Comparing 120 and 600 min gradient triple detections, an improvement of 10 percentage points was observed for all columns in case of I-IT detection (Fig. 5). Applying C-IT detection, the improvement increases with longer columns from 3 to maximally 18 percentage points (online suppl. Fig. S6), which may be attributed to the lower MS/MS frequency: the smaller sets of ions selected for MS/MS applying C-IT detection are more likely to contain different ions from the eluting peptides, thereby increasing variation in peptide detection and ultimately protein identification. This effect becomes less pronounced when using longer gradients, since higher proteome coverage is achieved.

Notably, nearly all proteins detected by a short gradient were also detected by longer gradients independent of the mass spectrometer and sample (see rows in Fig. 5 and online suppl. Fig. S6) though the effect is more pronounced with I-IT detection (83-99% C-IT vs. 92-100% I-IT). Hence, with the application of a longer gradient, the set of detected proteins is strictly growing.

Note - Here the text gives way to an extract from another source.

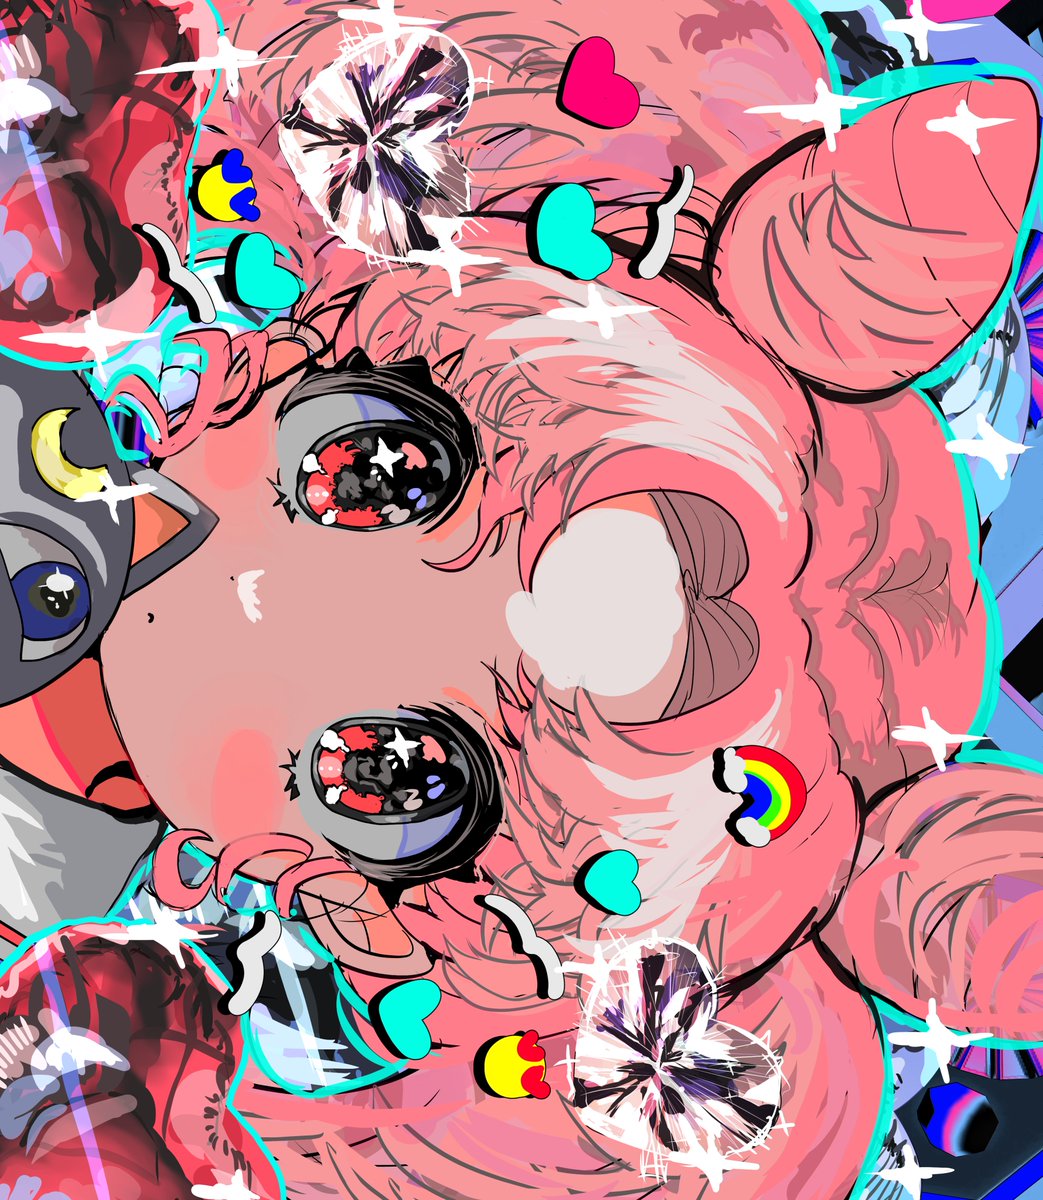 ちびうさ 「#SailorMoon 」|藻前まっく/momae macのイラスト

Comparison of Analysis Sets

To assess similarities and dissimilarities between all analysis sets, multidimensional scaling (MDS) was applied for visualization (Fig. 6), considering all 1,912 detected proteins for P. inhibens and 1,145 for D. toluolica, respectively. Close proximity of points in the MDS plot indicates high similarity of corresponding samples, which is evident, for example, for replicates with their high share of triple-/double-detected proteins. Interestingly, the 120 min analyses in combination with C-IT detection cluster irrespective of column and sample applied. In case of I-IT detection, this pattern is only observed for D. toluolica.

Fig. 6

Multidimensional scaling plot showing analyses of all column/gradient lengths and mass spectrometer combinations for Phaeobacter inhibens (a) and Desulfobacula toluolica (b) samples. C-IT, classic ion trap; I-IT, improved ion trap.

Fig. 6

Multidimensional scaling plot showing analyses of all column/gradient lengths and mass spectrometer combinations for Phaeobacter inhibens (a) and Desulfobacula toluolica (b) samples. C-IT, classic ion trap; I-IT, improved ion trap.

Close modal

For both mass spectrometers, analysis sets of the 15 cm column and long gradients are apparently more similar to analyses applying the 25 cm column with intermediate gradients (e.g., 600 min and 15 cm compared to 240 or 360 min and 25 cm). Similarly, long gradients with the 25 cm column are more similar to 360 or 480 min gradients applying the 50 cm column. Furthermore, short analyses with I-IT detection are more similar to intermediate-length C-IT analyses using the same column, reflecting the higher number of identified proteins applying I-IT detection. Hence, longer LC gradients may compensate for shorter column length as well as lower MS/MS frequency.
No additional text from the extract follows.